Search code examples
parsingf#parsecfparsec

Recursive grammars in FParsec


I've decided to check out FParsec, and tried to write a parser for λ expressions. As it turns out, eagerness makes recursive parsing difficult. How can I solve this?

Code:

open FParsec

type λExpr =
    | Variable of char
    | Application of λExpr * λExpr
    | Lambda of char * λExpr

let rec FV = function
    | Variable v -> Set.singleton v
    | Application (f, x) -> FV f + FV x
    | Lambda (x, m) -> FV m - Set.singleton x

let Λ0 = FV >> (=) Set.empty

let apply f p =
    parse
        { let! v = p
          return f v }

let λ e =

    let expr, exprR = createParserForwardedToRef()

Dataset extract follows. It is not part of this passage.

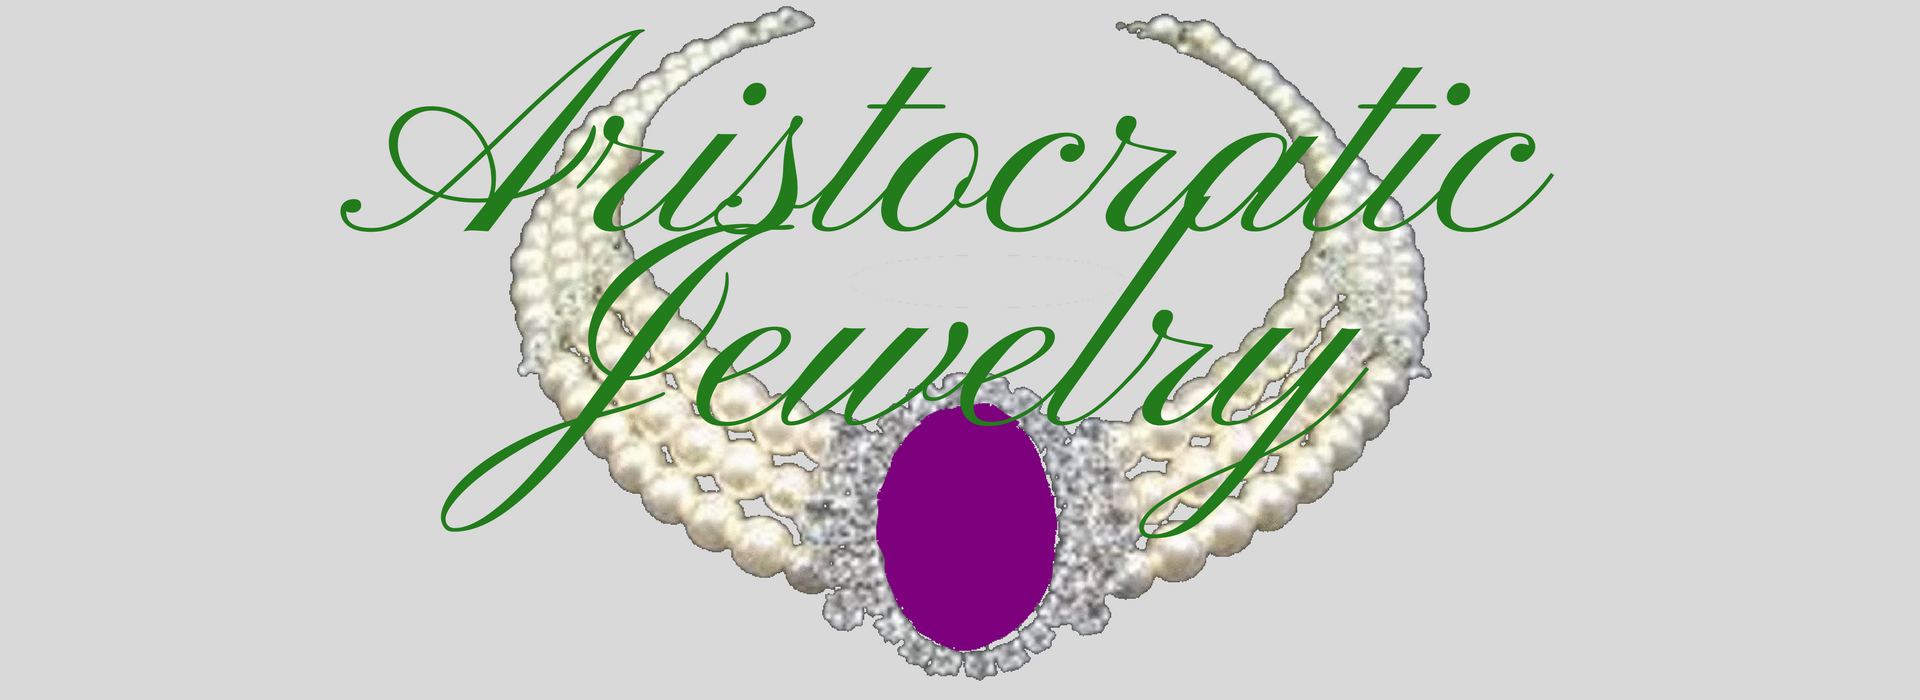 Aristocratic Jewelry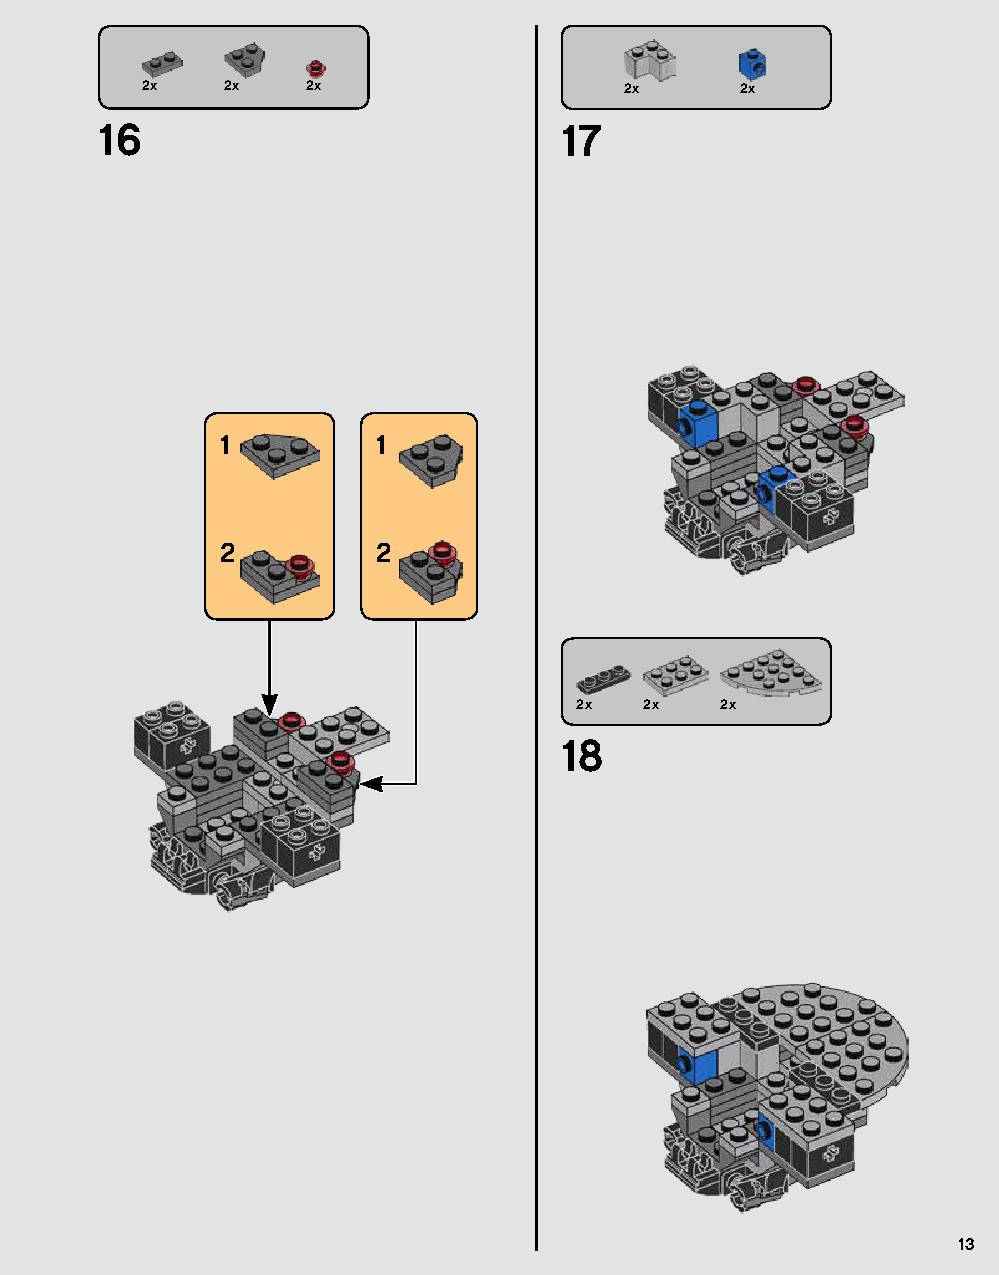 ダース・ベイダーの城 75251 レゴの商品情報 レゴの説明書・組立方法 13 page

    let var = lower |> apply Variable

    let app = tuple2 expr expr
                 |> apply Application

    let lam = pipe2 (pchar 'λ' >>. many lower)
                        (pchar '.' >>. expr) (fun vs e ->
                                                List.foldBack (fun c e -> Lambda (c, e)) vs e)

    exprR := choice [
                    lam
                    app
                    var
                    (pchar '(' >>. expr .>> pchar ')')
                    ]

    run expr e

Thanks!


Solution

  • As you pointed out, the problem is that your parser for application calls expr recursively and so there is an infinite loop. The parser needs to be written such that it always consumes some input and then decides what to do.

    In case of lambda calculus, the tricky thing is recognizing an application and a variable because if you have input like x... then the first character suggests it could be either of them.

    You can merge the rules for application and variable like this:

    let rec varApp = parse {
      let! first = lower |> apply Variable
      let! res = 
        choice [ expr |> apply (fun e -> Application(first, e))
                 parse { return first } ]
      return res }
    

    This first parses a variable and then either parses another expression (in which case it is an application) or it just returns the variable (if there is no expression following the variable). The rest of the rules are similar:

    and lam = 
      pipe2 (pchar 'λ' >>. many lower)
            (pchar '.' >>. expr) (fun vs e ->
        List.foldBack (fun c e -> Lambda (c, e)) vs e)
    and brac = pchar '(' >>. expr .>> pchar ')'
    and expr = parse.Delay(fun () ->
      choice 
        [ lam; varApp; brac ])
    

    I just avoided the need for explicit mutation by using parse.Delay() (which makes it possible to create recursive value references). In principle, it could be written as:

    and expr = parse {
      return! choice [ lam; varApp; brac ] }
    

    ...but for some reason, FParsec doesn't implement the ReturnFrom member that is needed if you want to use return! in computation expressions.